Mi princesa sale de la cocina con una bandeja de pequeños aperitivos. Me gusta verla así, alegra, ni siquiera entiendo porque motivo se ocupa de eso cuando tenemos personal en a casa que puede ocuparse de atender a los invitados.

—¿Me estás amenazando? —Le salgo con la misma pregunta

—Al parecer, sí —dice antes de que mi cielo llegue a donde estamos.

—Gracias, mi amor. —Tomo uno de los aperitivos.

—Esto se ve rico, hermanita. —Alan toma de a cuatro.

—¡Espera, espera! —Llega Renzo, que casi devora la bandeja—. Están demasiado buenos —habla con la boca full.

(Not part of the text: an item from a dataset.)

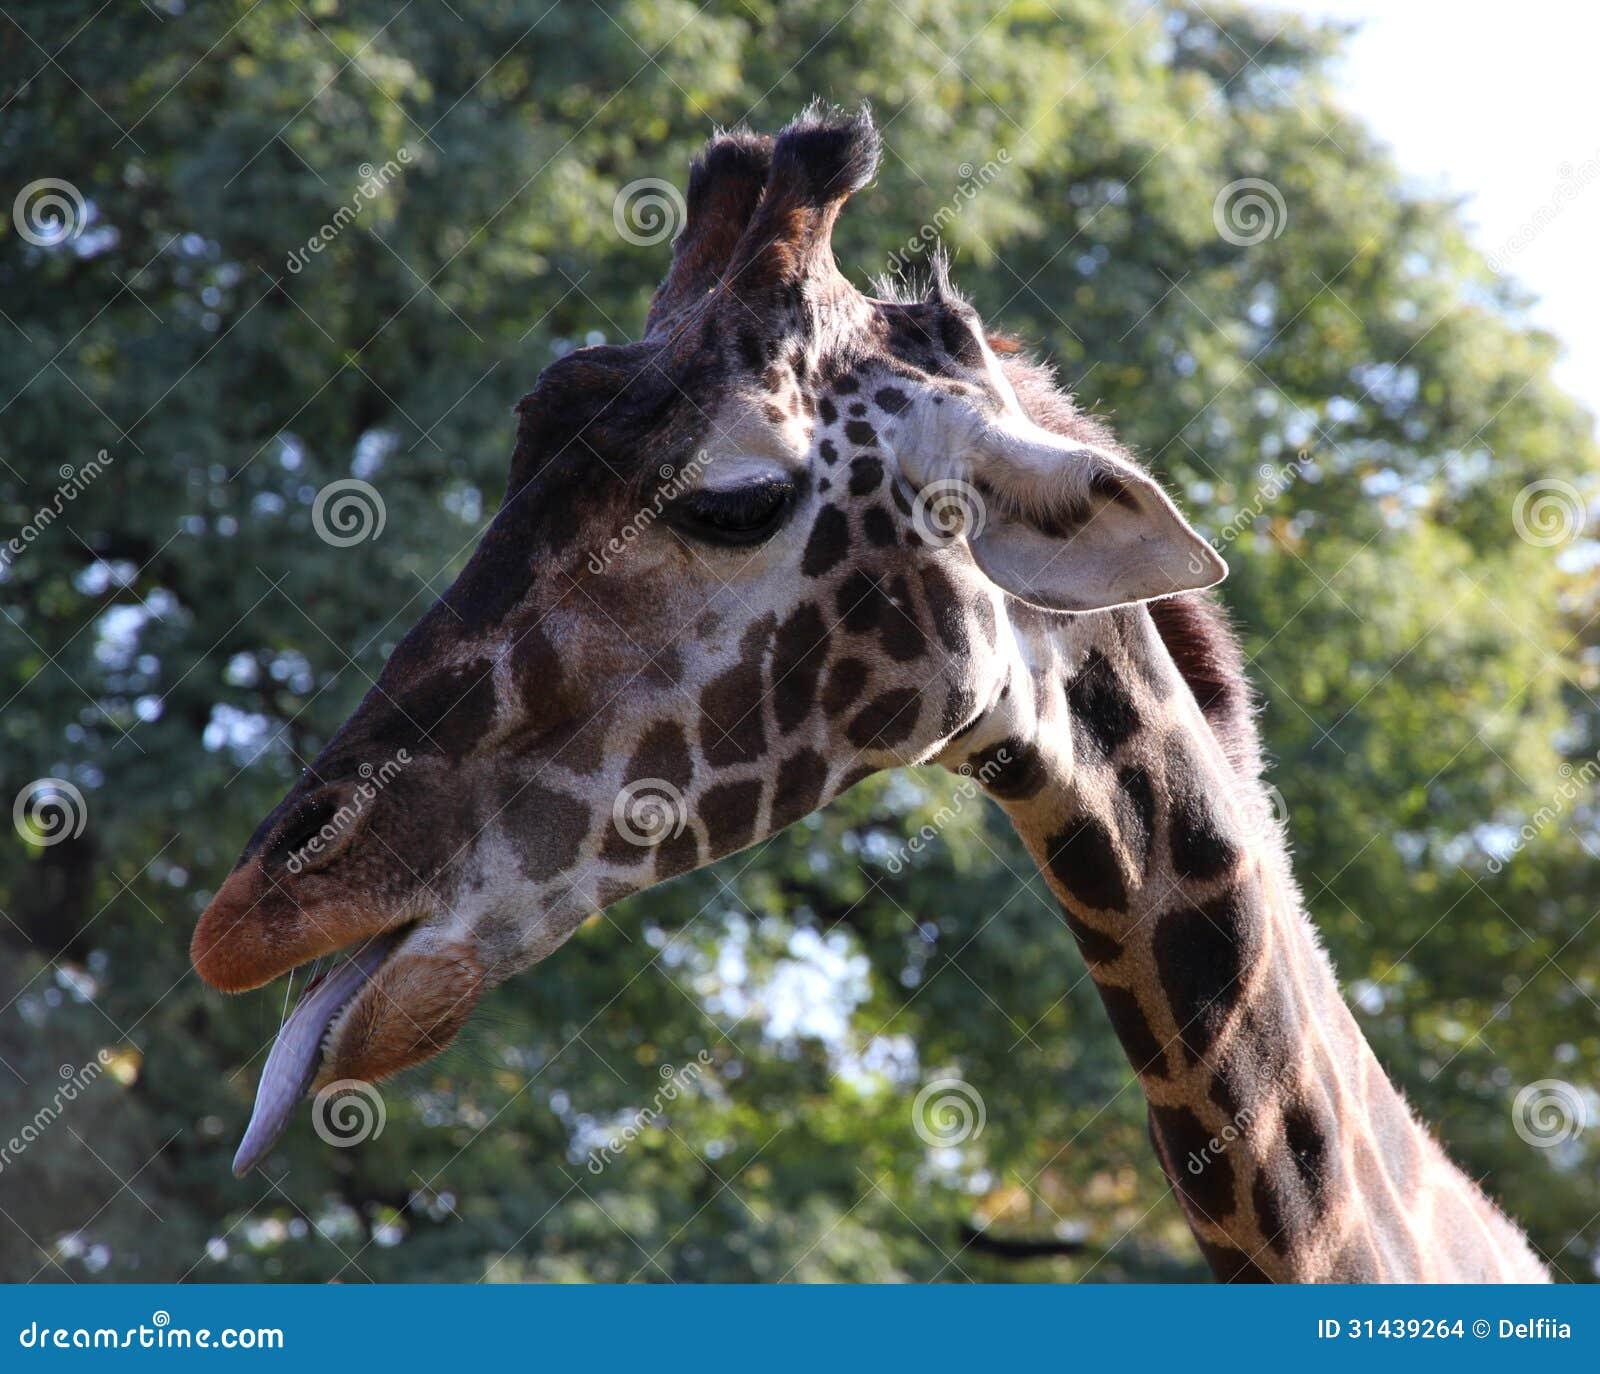 Giraffe Portrait In A ...
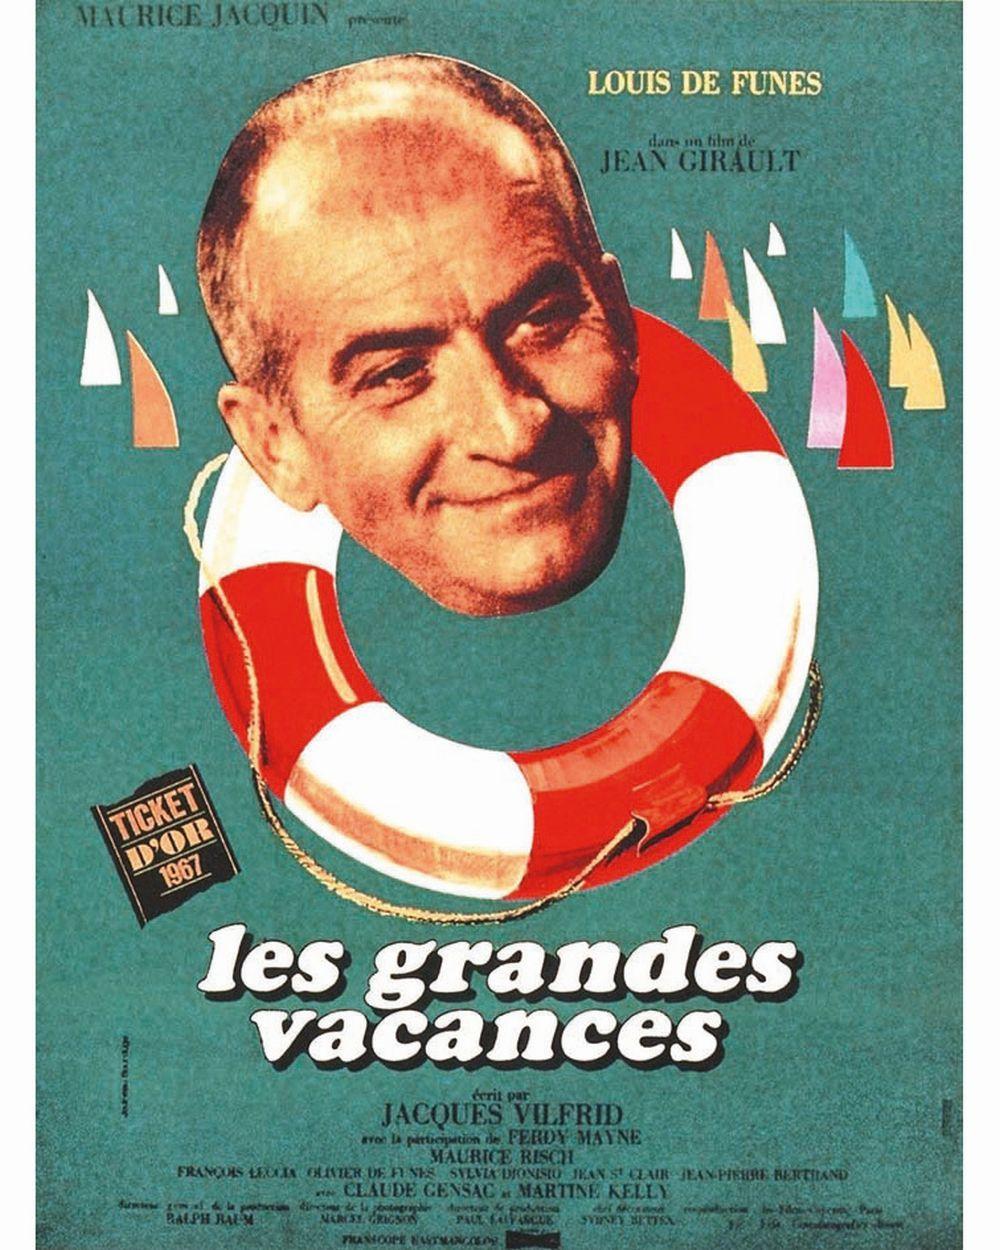 Les grandes vacances - Louis de Funès -

—Los hizo mamá —contesta ella.

—¡Lo sabía! —expresa feliz.

—Yo quiero. También muero de hambre. —Trino le arrebata la bandeja a mi cielo, que queda sorprendida.

—¿Es que no comieron en su casa? —pregunto enfadado—. ¡No me dejaron ni uno, infelices! —Se supone que quien cumple años soy yo, así que yo debería comer más.

—¡¿Por qué comen así?! —nos regaña Antonella—. Qué vergüenza, todos tus socios están viéndote comer desesperado, mejor dicho, a todos ustedes —Se va.

Nos reímos de ella. Si supiera como nos comportamos nosotros cuando estamos juntos.

—¿Aún no conoce esa faceta tuya? —Renzo aún devora sus aperitivos. Tiene ambas manos llenas.

—No, y nadie aquí puede decirle. Saben que Antonella odia que comamos de ese modo tan ordinario.

—Por Dios, tan rico que es comer sin cubiertos. Odio los cubiertos. —Trino sostiene los aperitivos con sus manos.

—Mi mamá la enseñó a ser así, no la culpen. Intentó con nosotros, pero no pudo —asegura Renzo.

Alan asiente mientras pelea con Trino por el último dulce.

—Deja de meter tu mano en mi bandeja o te la corto —amenaza él.

—Eres un tragón. —Me mira a mí—. Mamá es intensa con eso. Odio cuando hace las cenas familiares porque debo contenerme para no blanquear el plato —dice Renzo.

Este pequeño grupo es un asco a la hora de comer. En mi caso, prefiero tomar todo con las manos. Es tan exquisito coger un pedazo de pollo y clavarle los dientes que agarrar un cubierto y empezar a sacarlo por pedacitos. ¡Eso desespera! Aunque en presencia de otros debo mantener la compostura.

—Entonces no comenten nada, o yo diré que ustedes son iguales.